In the field effort with Yale researchers, expected to begin in the third quarter of next year, the company intends to create a burial mound in the Nevada desert that’s seven yards high, three yards deep, and 58 yards long and across.

They plan to cover the biomass with a geotextile liner and then bury that under soil and a layer of native vegetation selected to absorb moisture. Given the region’s dry conditions, this will create a contained system that prevents “agents of decomposition from acting on the buried wood mass,” ensuring that the carbon stays in place for thousands of years, says Jimmy Voorhis, head of biomass utilization and policy at Kodama. 

Freiberg adds that they’ll also leave wood exposed at the site and create smaller side vaults designed in different ways. The teams will continue to monitor them and compare decomposition rates and any greenhouse-gas leakage for years. The teams expect to be able to extrapolate long-term carbon storage estimates from that data, along with other studies and experiments.

Burial costs

Other startups and research efforts are taking different approaches to the problem. 

The Australian company InterEarth believes that allowing trees to soak up salty groundwater before burying them will effectively pickle the wood, preserving it for extended periods.

The Carbon Lockdown Project, a public benefits corporation founded by University of Maryland professor Ning Zeng, has proposed creating pits that are lined with clay or other materials with low permeability.

In a paper this year, Zeng and a colleague also highlighted a number of other potential approaches, including storing biomass in frozen sites, underwater, or even in above-ground shelters. His earlier work found that harvesting and storing wood could potentially remove several billion tons of carbon dioxide a year at a cost of well below $100 a ton.

But there are still many unknowns.

“We have to recognize that the science of wood harvesting and storage is still evolving,” says Daniel Sanchez, chief scientist for biomass carbon removal and storage at Carbon Direct, which evaluates carbon removal efforts and corporate climate plans. “Most importantly, our understanding of what drives or doesn’t drive decomposition of wood needs to be refined.”

On top of that, residents and environmental groups are often opposed to forest thinning. Sawing down trees and removing them from the steep slopes of dense forests is a laborious and costly process that will be difficult to automate effectively. Hauling around bulky tree remains and digging big holes is also expensive and requires a lot of energy.

The climate emissions produced by removing, transporting, and burying wood will need to be carefully tallied and counted against the total carbon stored.

KODAMA SYSTEMS

Finally, there’s the question of acquiring the necessary waste biomass.

A 2020 study by Lawrence Livermore National Lab found plenty to go around for these sorts of purposes today, estimating that 56 million “bone dry” tons of waste biomass are produced each year just in California from agriculture, logging, fire prevention, and other activities. (Wood is about 50% carbon by mass.)

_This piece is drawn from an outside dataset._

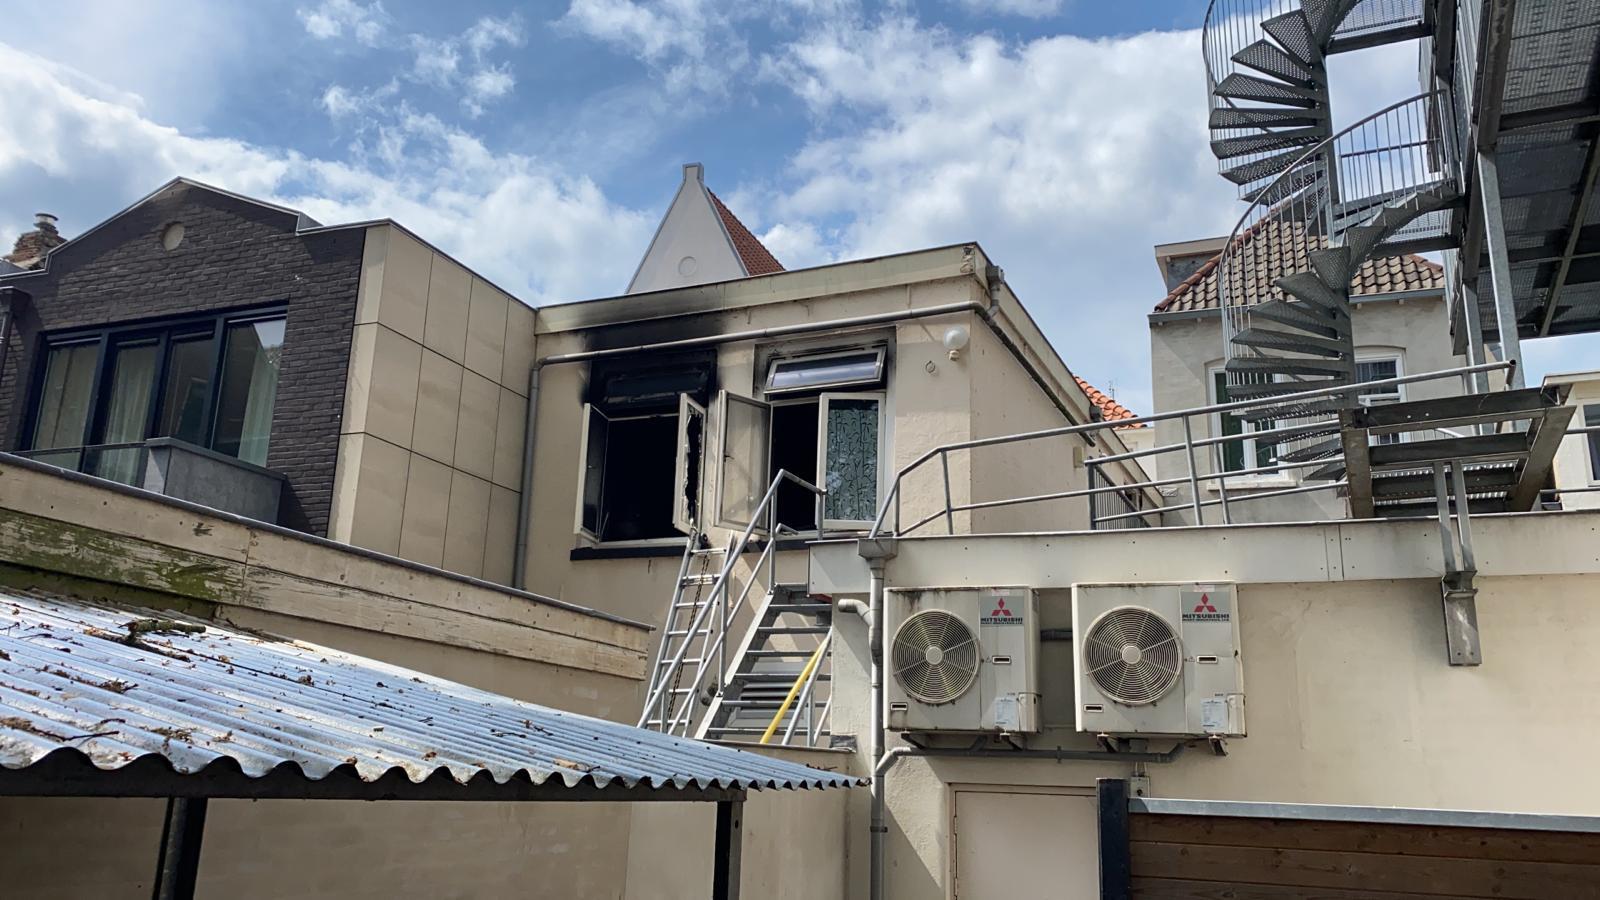 De brand in een woning in het centrum van Deventer laat flinke sporen na.

But demands for it are set to rise as startups like Kodama, Mote Hydrogen, and Charm all seek out these sources for various biomass-related carbon removal efforts and the world races to achieve ambitious climate targets.

There’s some risk that eventually all these efforts could create perverse incentives to remove more trees or agricultural material than necessary for fire prevention or healthy for ecosystems. After all, removing biomass also reduces the levels of nutrients that forests and farms get from rotting plants.

Kodama says it has done economic and carbon assessments for its full process. It’s confident that it can achieve costs below $100 a ton of carbon, and estimates that emissions from the pilot project will only reduce the net amount of carbon ultimately sequestered by about 15%.

Merritt Jenkins, the company’s cofounder and chief executive, says they plan to earn revenue from their forest thinning work, as well as by selling usable timber and carbon credits from its burial projects.

But Yale’s Freiberg stresses that the critical mission of the moment is to use that Stripe grant to help answer these “big scientific questions around burial biomass … and demonstrate that this is indeed a solution worth backing.”